Has been "Left Behind", really left behind?  Dec 30, 2009
I used to be a Scofield-Dispensationalist and every other eschatological position was mistaken. When I left the Dispensational camp, I thought Historic Premill was the right choice. The works of George Eldon Ladd were so compelling that I thought this was it. His critique of Dispensational eschatology in his little book: "The Blessed Hope" and his "New Testament Theology" almost convinced me that finally my journey will end there. It wasn't. I came acquainted with the book of Anthony Hoekema "The Bible and the Future" were he built a very STRONG case for Amillenialism. I then saw some of the painful shortcomings of Premillenialism. And I realized that in eschatological matters nothing was yet settled.

I thought Amillenialism was the perfect eschatological system. It wasn't. I became aware of other heavy weighted works on eschatology that you just cannot ignore. I am talking about the works of those Bible expositors like Kenneth Gentry, R. C. Sproul, Keith Mathison, James Kennedy, etc., which they espouse another eschatological view. Finally, the eschatological puzzle was taking form. None of the Historic Premills or the Amills have been more effective in criticizing the Dispensational tenets as the Postmill guys. Their critiques are really devastating for the Dispensational position.

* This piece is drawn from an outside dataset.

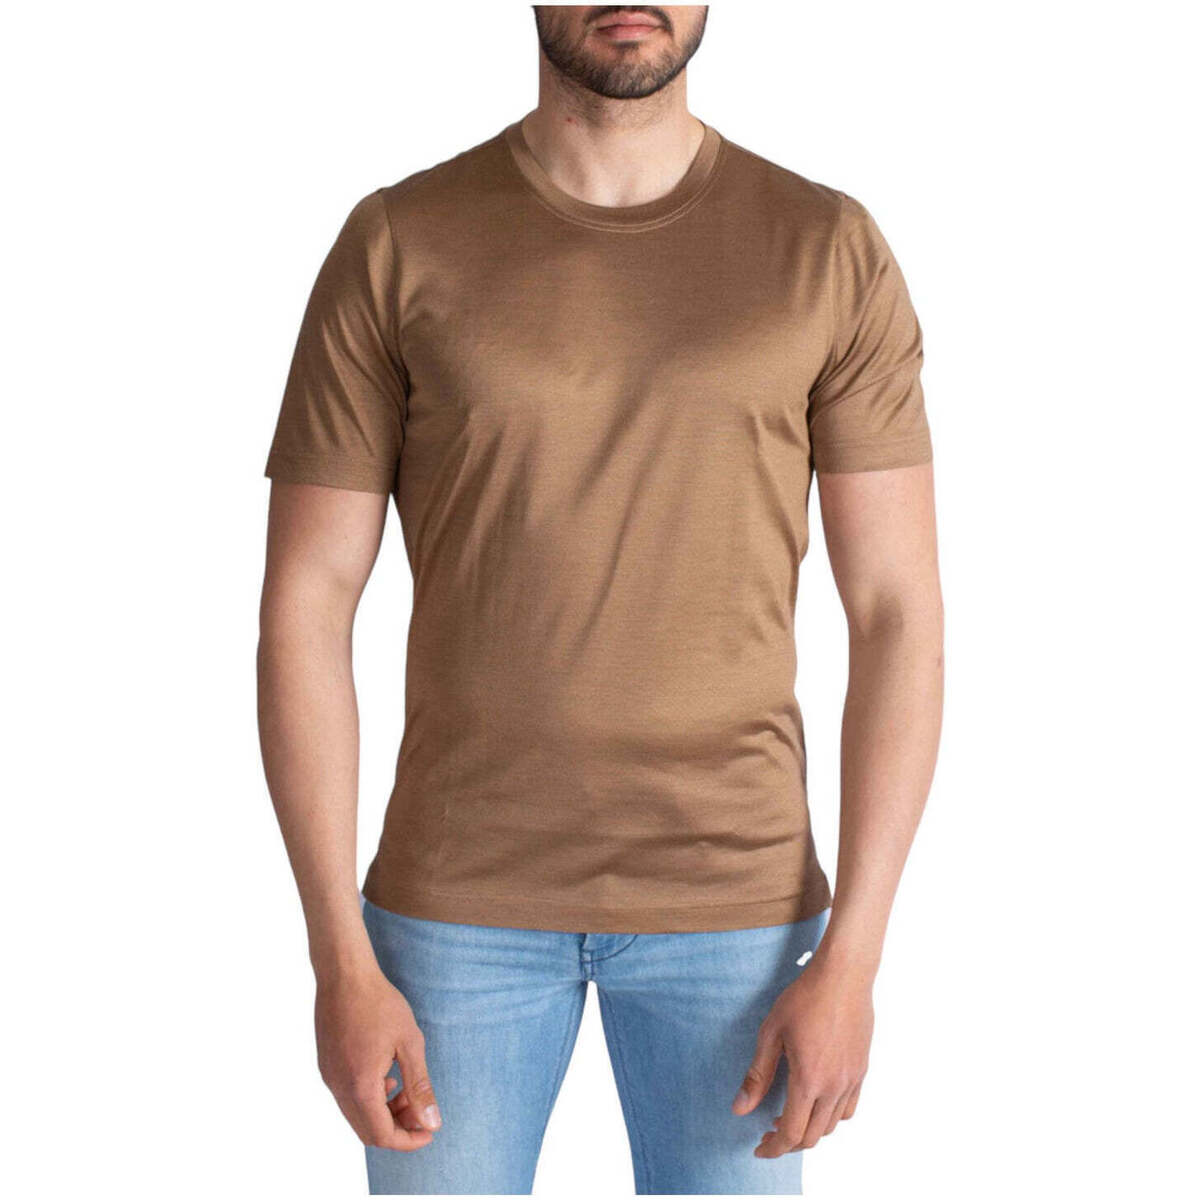 textil Hombre Tops y Camisetas Gran Sasso  Marrón

The Book edited by Craig and Chung is a very good try to refute Dispensational eschatology. But it is not strong enough, in my opinion. Even though both systems are very different, they are also built on the same kind of presuppositions. It really does not matter when the rapture is going to happen if your presuppositions are not correct. For instance, both systems believe in the literal 1,000 years reign of Christ after His Second coming. This teaching alone brings a lot of trouble for Historic Premils. But at least, Historic Premil is free of the high speculative end times fiction that has plagued the Dispensational world for years. This is the commendable part of the book that Bloomberg and Chung edited. I really enjoyed the chapter by Timothy P. Weber "Dispensational and Historic Premilenialism as popular Millenialist Movements".

Weber has written another interesting book criticizing the Dispensational movement: "On the Road to Armageddon" where he expands what he says in this brief chapter. Even though I don't agree with Weber on the eschatological conclusions, nonetheless his familiarity with history is highly valuable in this case. And he gives us a taste of this in the chapter he wrote. His objectivity is really attractive. I think Weber did the most important contribution in this book because he sets the background for understanding the rest. If this was not done, we wouldn't be able to put things in their right perspective. His chapter is like the foundation upon the whole book rests. If you omit this chapter you will missing the important facts that deals with origin and spread of old and new Dispensationalism.

Because I am not a Premill, I read this material not to build my case on their premises but to be familiar with their arguments defending Historic Premillenialism. I am still think that the best case for Historic Premillenialism was made by George Eldon Ladd.

Daviel D'Paz
Good essays, especially Blomberg's, but not enough interaction with dispensationalists  Aug 31, 2009
I am not aware of many books that are devoted to a defense of classical premillennialism. Usually, you have to wade through a large systematic theology text or read about it from those who are trying to compare it unfavorably to their own pet millennial view. So this book is already a text of some distinction.

The articles are informative and solid. The case for premillenialism is subtitled "Leaving Left Behind Theology Behind," so one eye is on a defense of historic premillennialism, the other eye is on a repudiation of classic dispensational premillenialism.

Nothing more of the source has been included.